Uttarkhan is a neighborhood in Dhaka, the capital of Bangladesh. It is located opposite the Hazrat Shahjalal International Airport. It extends from Abdullahpur in the west to the Termukh Bridge in the east in the northern part of Dhaka.

== Location ==
Surrounded by the Turag and Balu Rivers, Uttarkhan is bordered on the north by Gazipur Sadar Upazila, on the south by Dakshinkhan, on the west by Khilkhet, and on the east by Kaliganj Upazila. On the opposite side lies the Hazrat Shahjalal International Airport.

== History ==
It is said that the Islamic preacher Shah Kabir settled in this area in 1601, having come from a place called Utrekhtan in the Indian subcontinent. For this reason, the place was named Uttarkhan.
In the past, it was an administrative union under Dhaka District, which was divided into 16 wards. In 2006, a police station was established for the neighbourhood.
Later, in 2015, a decision was made to merge it with the Dhaka North City Corporation.
After the expansion of the corporation's boundaries, the union was divided into 3 wards. The area, which had long been deprived of infrastructural development, experienced significant urbanization after being incorporated into Dhaka North on 26 July 2017. Around the same time, for the construction of the Purbachal Expressway, the Bangladesh Army built roads in Uttarkhan to facilitate construction work, which improved the area's transport system. In 2022, according to the Detailed Area Plan prepared by the Capital Development Authority, a proposal was made to construct an eco-park and a water park in Uttarkhan.

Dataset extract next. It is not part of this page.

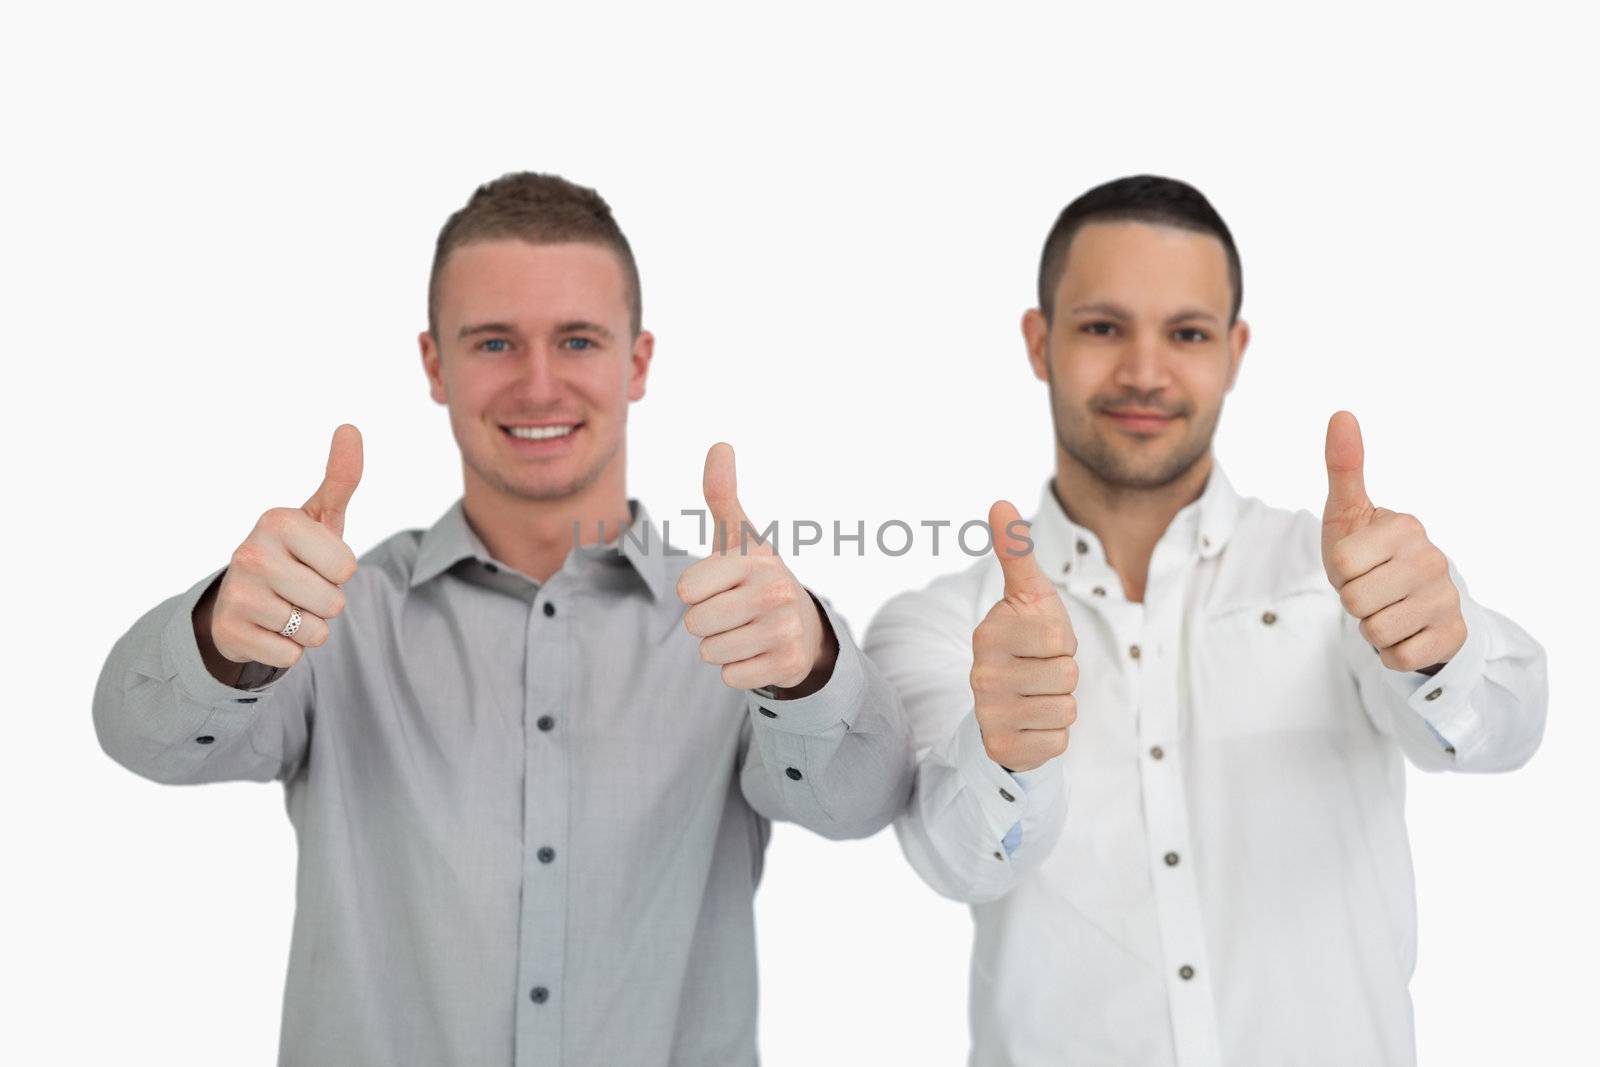 Two men putting their thumbs up against a white background
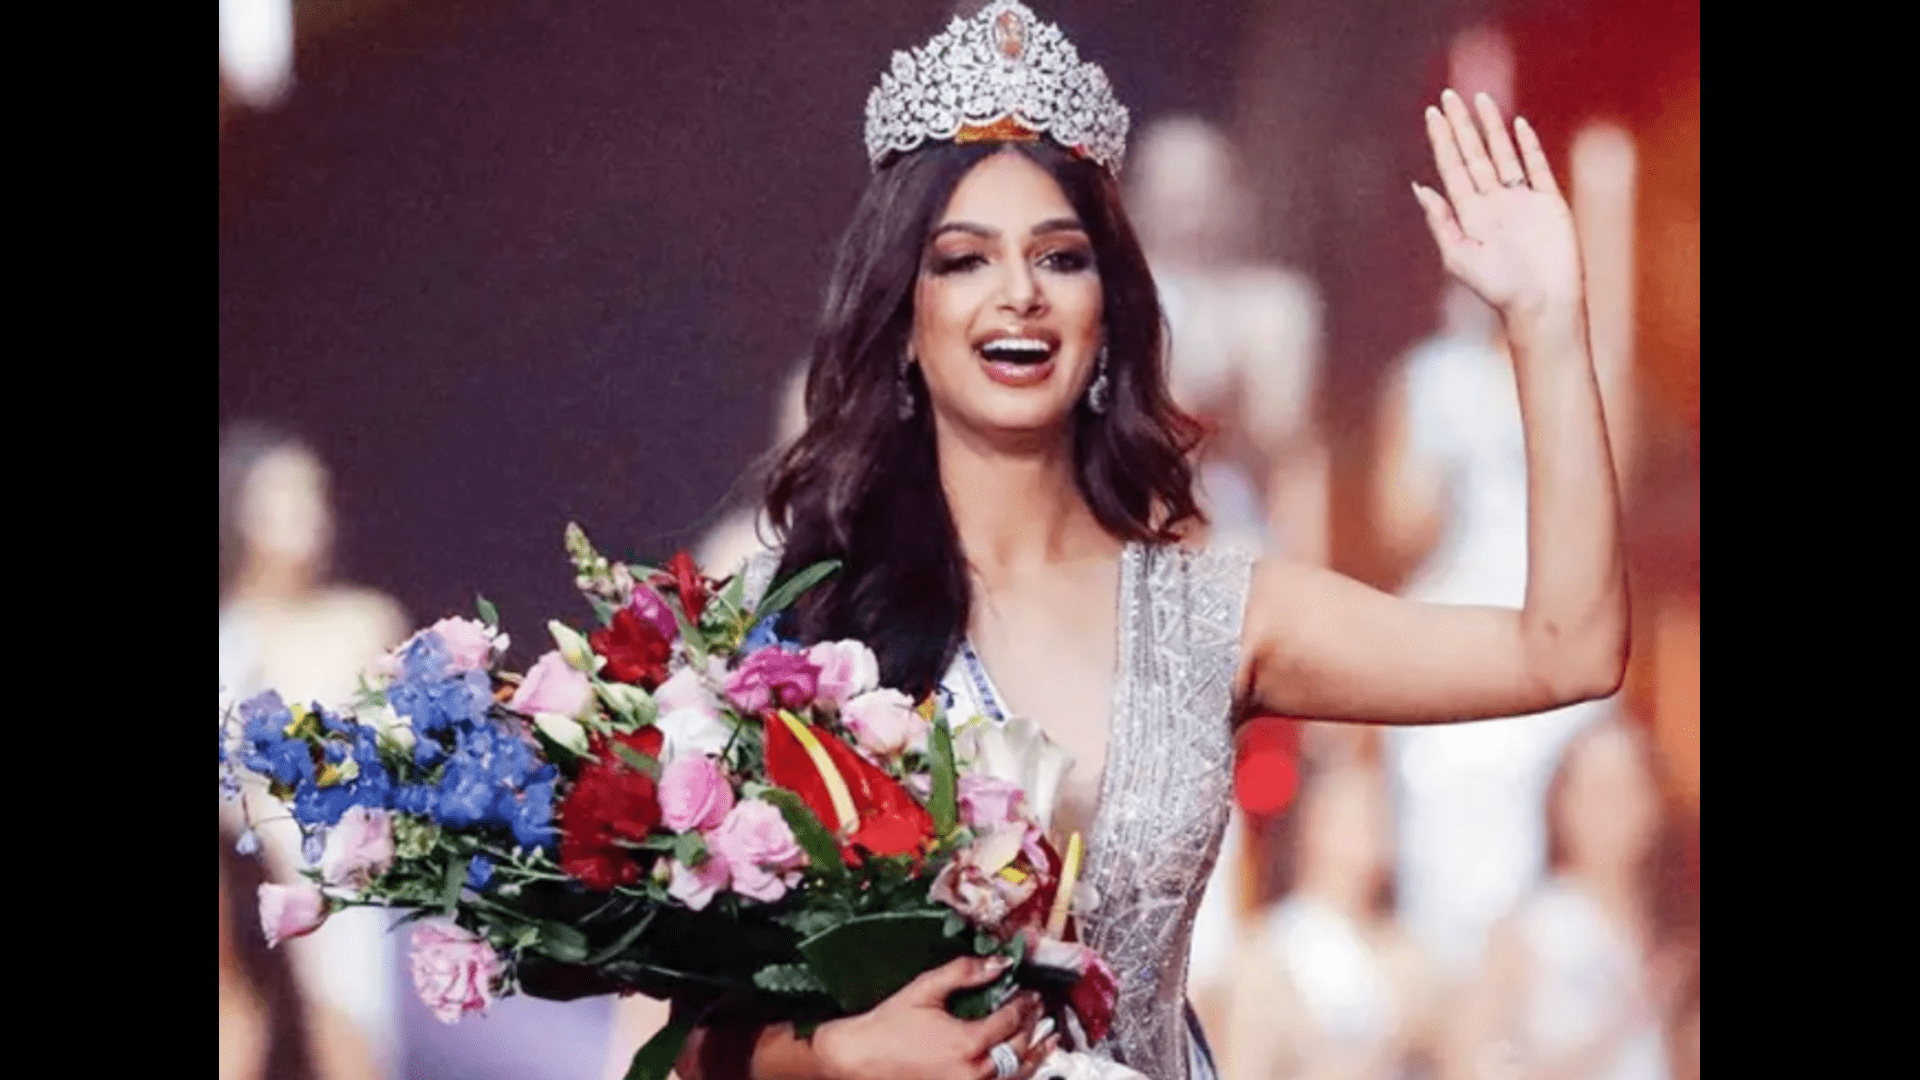 miss-universe-2021-discusses-the-illness-that-drives-her-to-gain-weight

== Administrative divisions ==
Uttarkhan is composed of the following areas:

| Ward | Area |
|---|---|
| 44 | Dakshinpara, Aktartek, Purba Para, Ratuti, Bhaturia, Barordi, Karimerbag, Poradia, Uttarpara, Amaiya, Dobadia, Burirtek |
| 45 | Alinagar, Uttarkhan, Gazipara, Sarkarpara, Kanipara |
| 46 | Snanghat, Khajardia, Moynartek, Purba Para, Kumarkhola, Alampur, Chandpara, Chanpara, Palartek, Munda, Masterpara |

== Demographics ==

According to the 2022 Bangladeshi census, Uttarkhan Thana had 33,885 households and a population of 126,149. 8.13% of the population were under 5 years of age. Uttarkhan had a literacy rate (age 7 and over) of 85.30%: 87.25% for males and 83.20% for females, and a sex ratio of 107.95 males for every 100 females.